Image acquisition unit, the human face image sequence to be identified for obtaining, the human face image sequence includes single frames or two frames Above facial image；

Image pre-processing unit, for being pre-processed respectively to each frame facial image in the human face image sequence；

Identifying processing unit, the training pattern for pretreated each frame facial image input have been trained carries out expression knowledge Not, the Expression Recognition result of the human face image sequence is obtained；

7. expression recognition device according to claim 6, it is characterised in that identifying processing unit specifically for：When When the human face image sequence includes two frame above facial images, the long short-term memory is circulated by first pond layer The face feature vector of each frame facial image of neural network model input is unified to carry out dimension-reduction treatment, obtains dimension-reduction treatment Face feature vector afterwards；

8. the expression recognition device according to claim 6 or 7, it is characterised in that the convolutional neural networks model Input to output end successively by the first convolutional layer, the second pond layer, the second convolutional layer and the 3rd pond layer building；

The identifying processing unit specifically for：To the long short-term memory Recognition with Recurrent Neural Network model output through the 3rd pond Change the face feature vector obtained after layer processing.

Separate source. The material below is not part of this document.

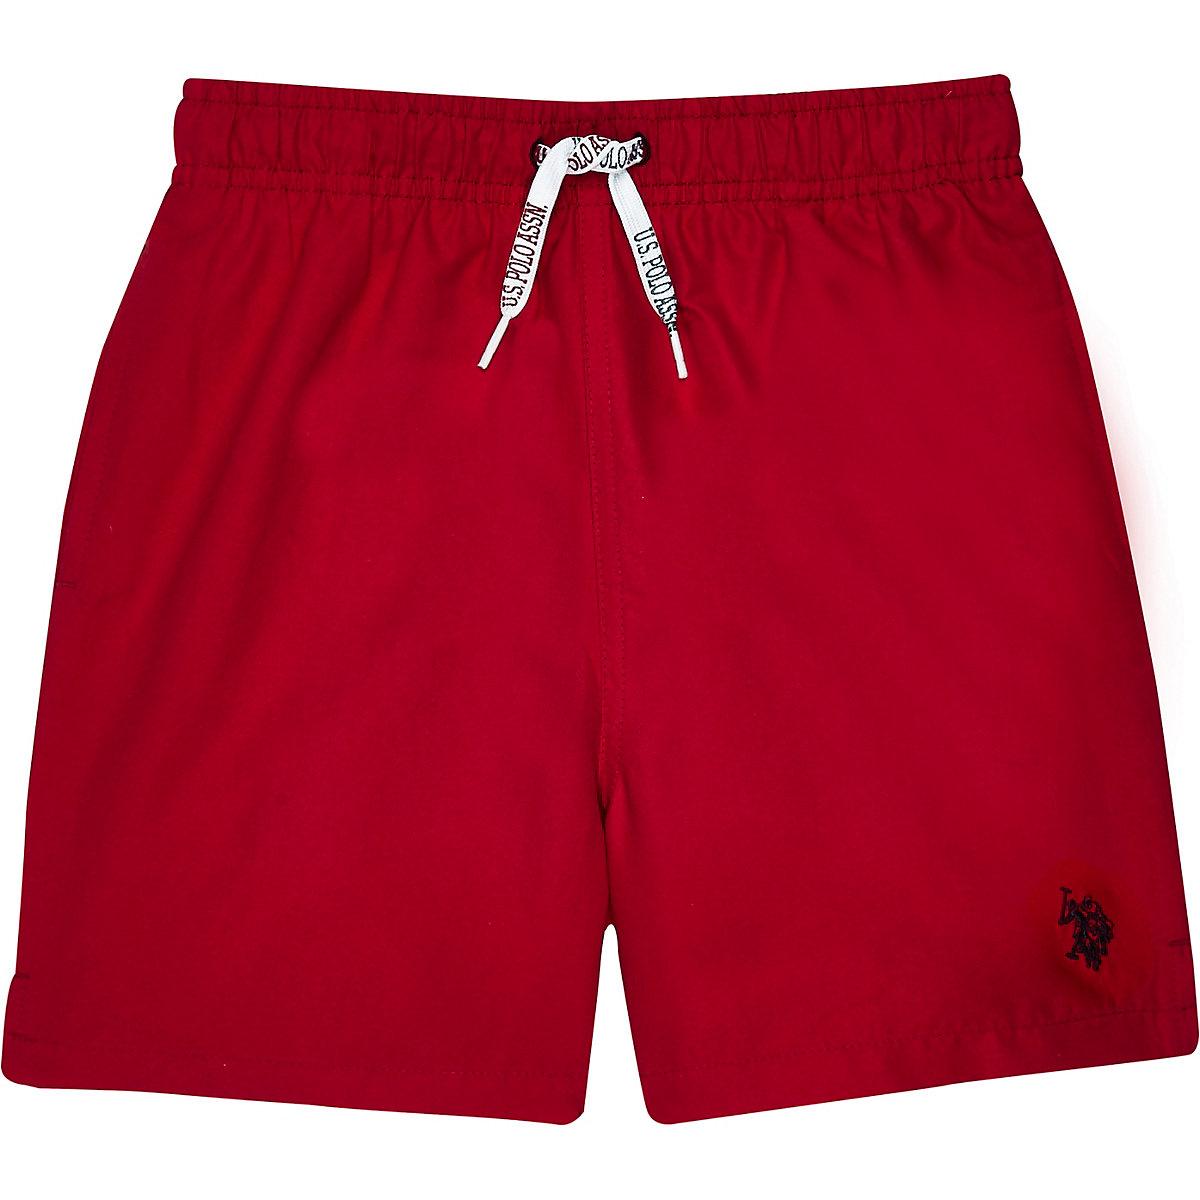 Boys red U.S. Polo Assn. swim shorts

9. the expression recognition device according to claim 6 or 7, it is characterised in that described image pretreatment unit has Body is used for：Face datection is carried out for every frame facial image in each frame facial image, human face region is determined；Detection is described Key feature points in human face region, and alignment is carried out to corresponding facial image based on the key feature points detected.

10. expression recognition device according to claim 9, it is characterised in that described image pretreatment unit is specific It is additionally operable to：Facial image after alignment is subjected to editing and processing according to default template, to obtain the face of unified size Image, wherein, the editing and processing includes following one or more kinds of：Shear treatment, scaling processing.